The GOP will not only play the predictable "elitist" card (with all the added punch of "uppity negro" subtext), they will ramp up the "Muslim" and "potential traitor" charges, they will call him a Marxist and a "snake oil" salesman and a Don King Rezko agent of smarm, and they will endlessly strike the Wright and Weather Underground chords. They may stage an October invasion of Iran. Whoever the Democratic nominee, we will see the filthiest, most malicious, evil campaign tactics from the GOP ever known to man.
And that is before the voting machines.
It is imperative that Obama continue to find ways to counter Hillary's lowest blows, and to practice fighting back hard without getting into the gutter himself. The high road is self-preserving in a Democratic race, but it will be the best tactic in the general as well, because for some reason the librul media will not brook anything nasty against their "maverick hero" McCain (shoot, they won't even report the fact that he still doesn't know Sunni from Shia).
Yes, we need to point it out when Hillary's attacks on Obama are outrageous and hypocritical (she's helped bust unions, she supported NAFTA, the bankruptcy bill, special deals with China, and the war, has taken lobbyist money from the worst corporate offenders, and acts like SHE'S the one who's had the workin' peoples' backs all along?).
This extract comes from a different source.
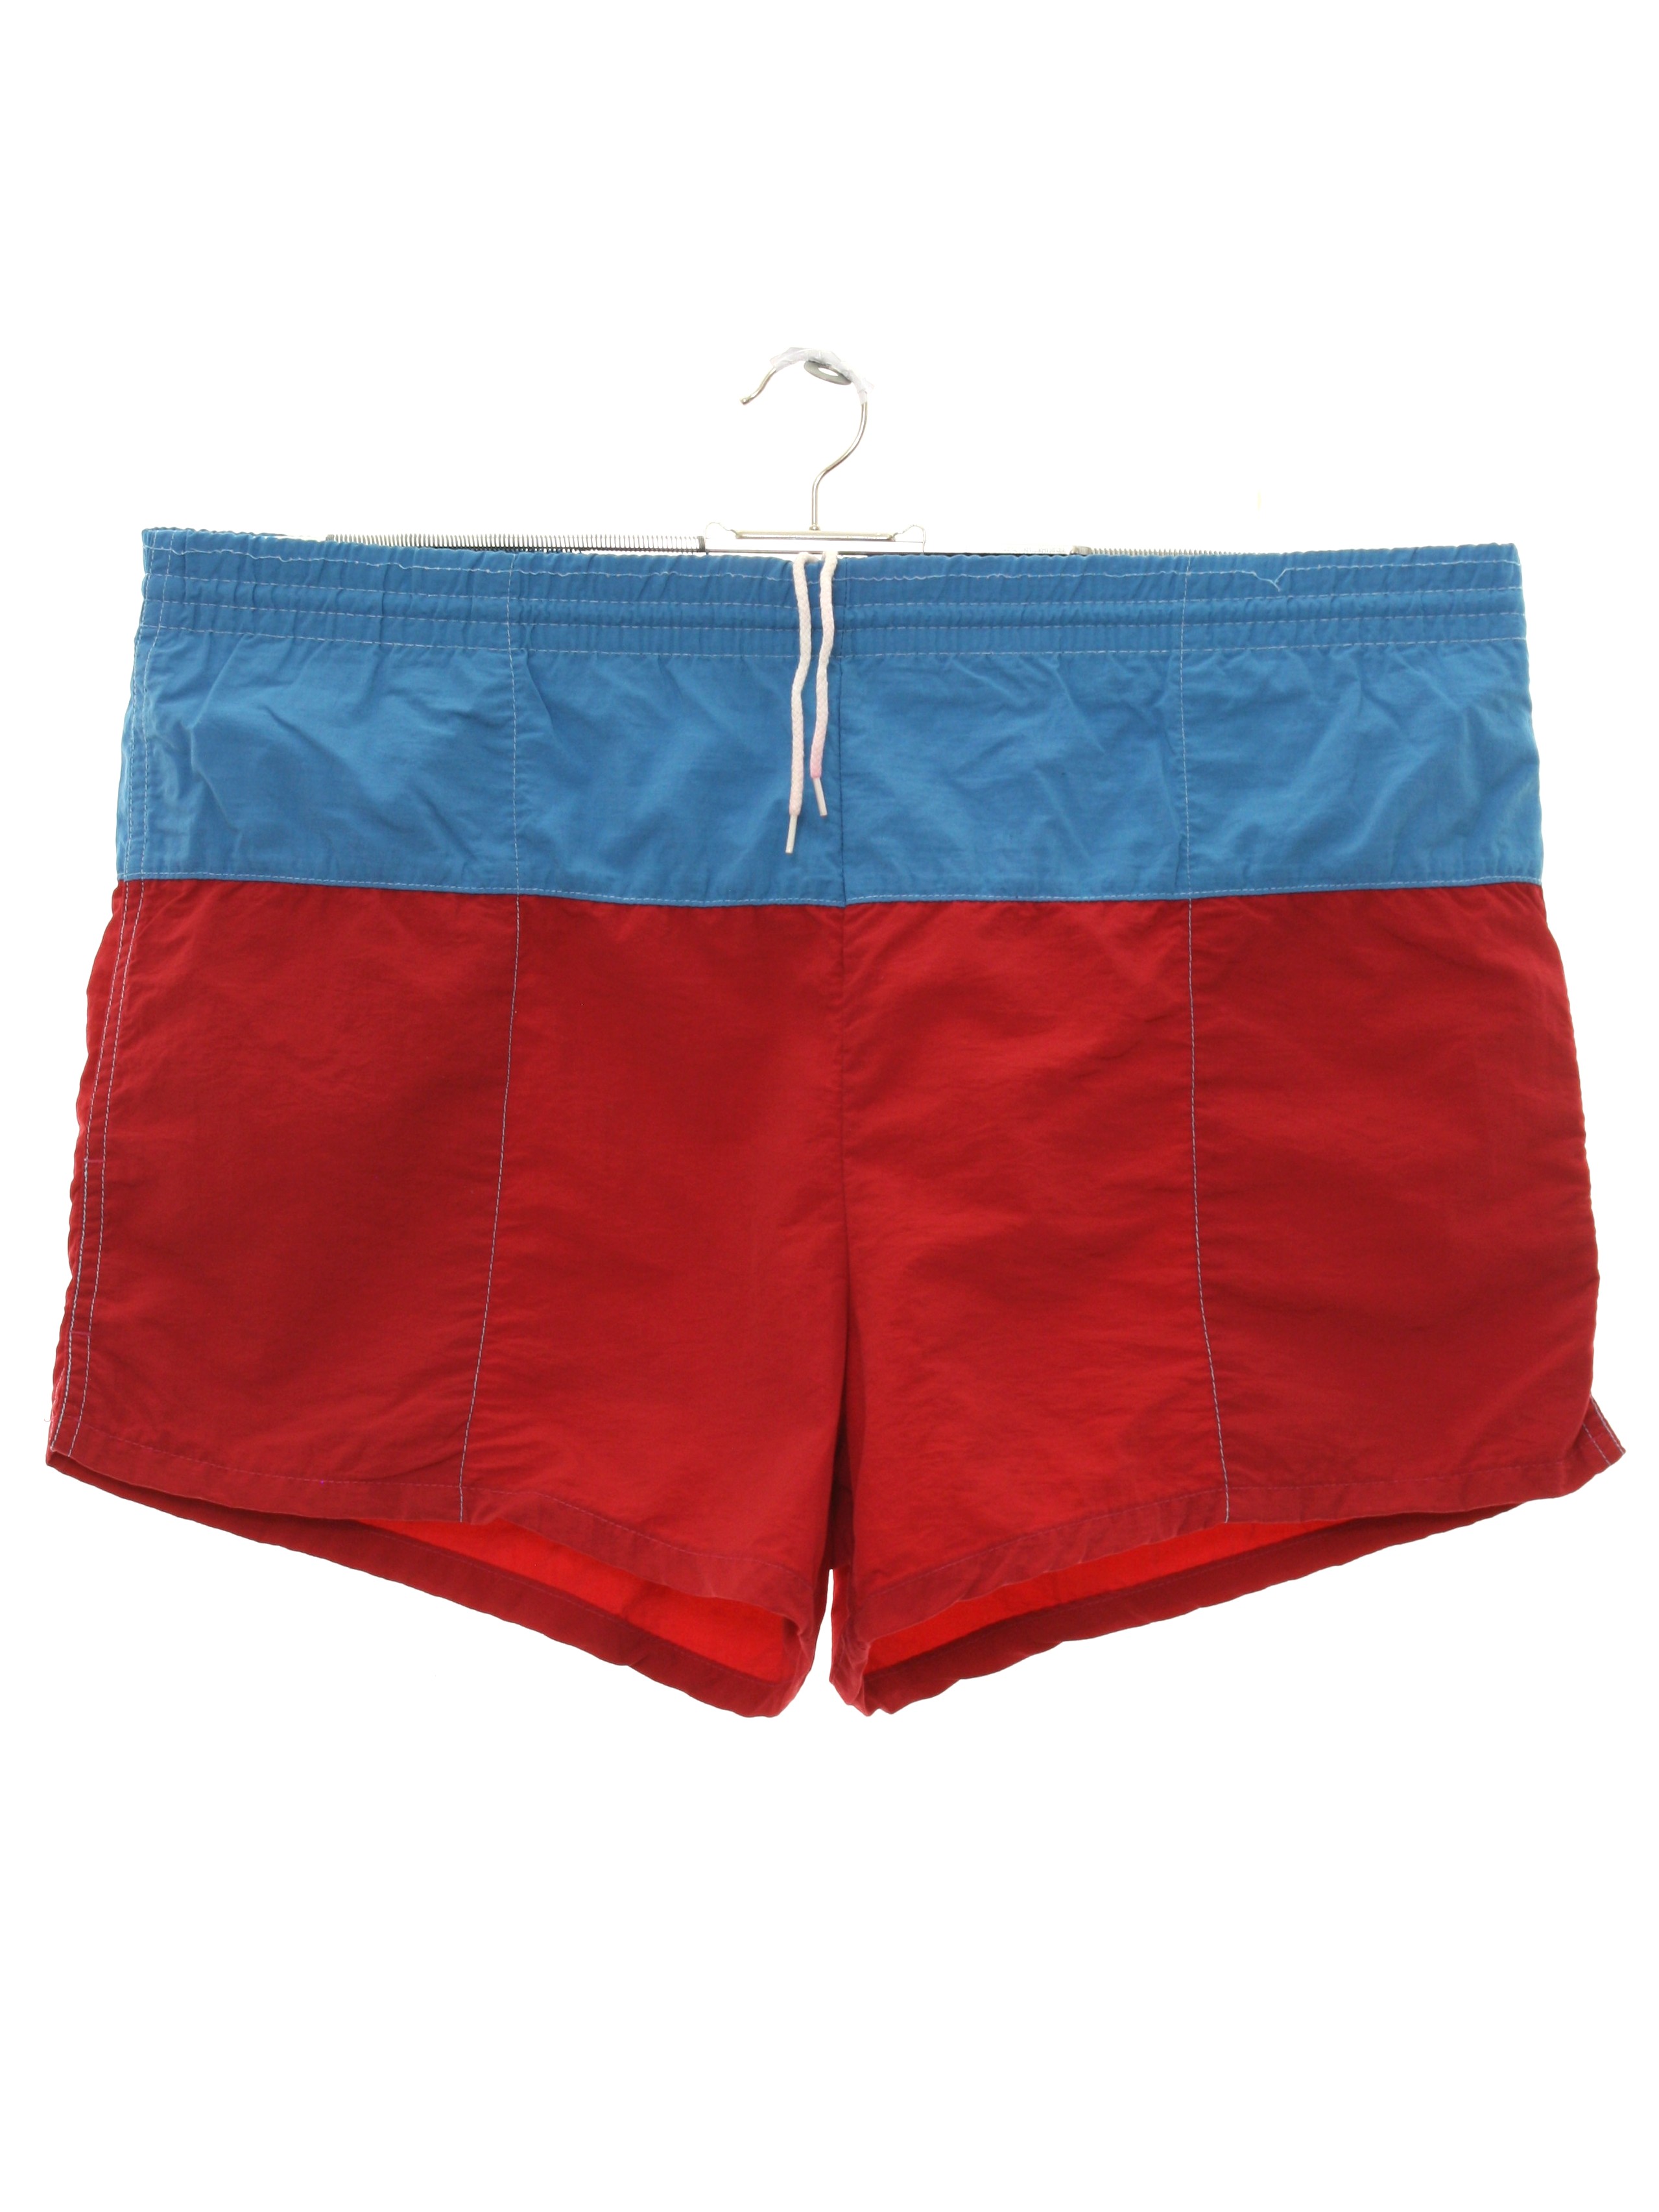 Swimsuit/Swimwear: (made in 90s) -Lands End- Mens sky blue and red ...

We can bemoan the fact that, when faced with GOP and GOP-lite, the voters go with GOP every time.
But Obama folks, because we need to not-hate Hillary, because we will ultimately need to rally behind her, either as Senator or Speaker or Secretary of State or presidential nominee, think of her as the harsh sensei, as the dirty-fighting scrimmage opponent, as the hurricane Wilma before hurricane Katrina.
Allow yourself to imagine a concession speech from Hillary that goes:
"I said Obama wasn't ready to be president. I was proven wrong. I threw everything I had at him, and he came back stronger. He is a classy, smart, and tough man of integrity. He is a true leader, and everything America most needs right now. If you ever truly supported me and all I stand for, you will join me in working hard to elect Barack Obama."
Right now, Hillary may not intend to be doing Obama any favors. But in the long run, she probably is.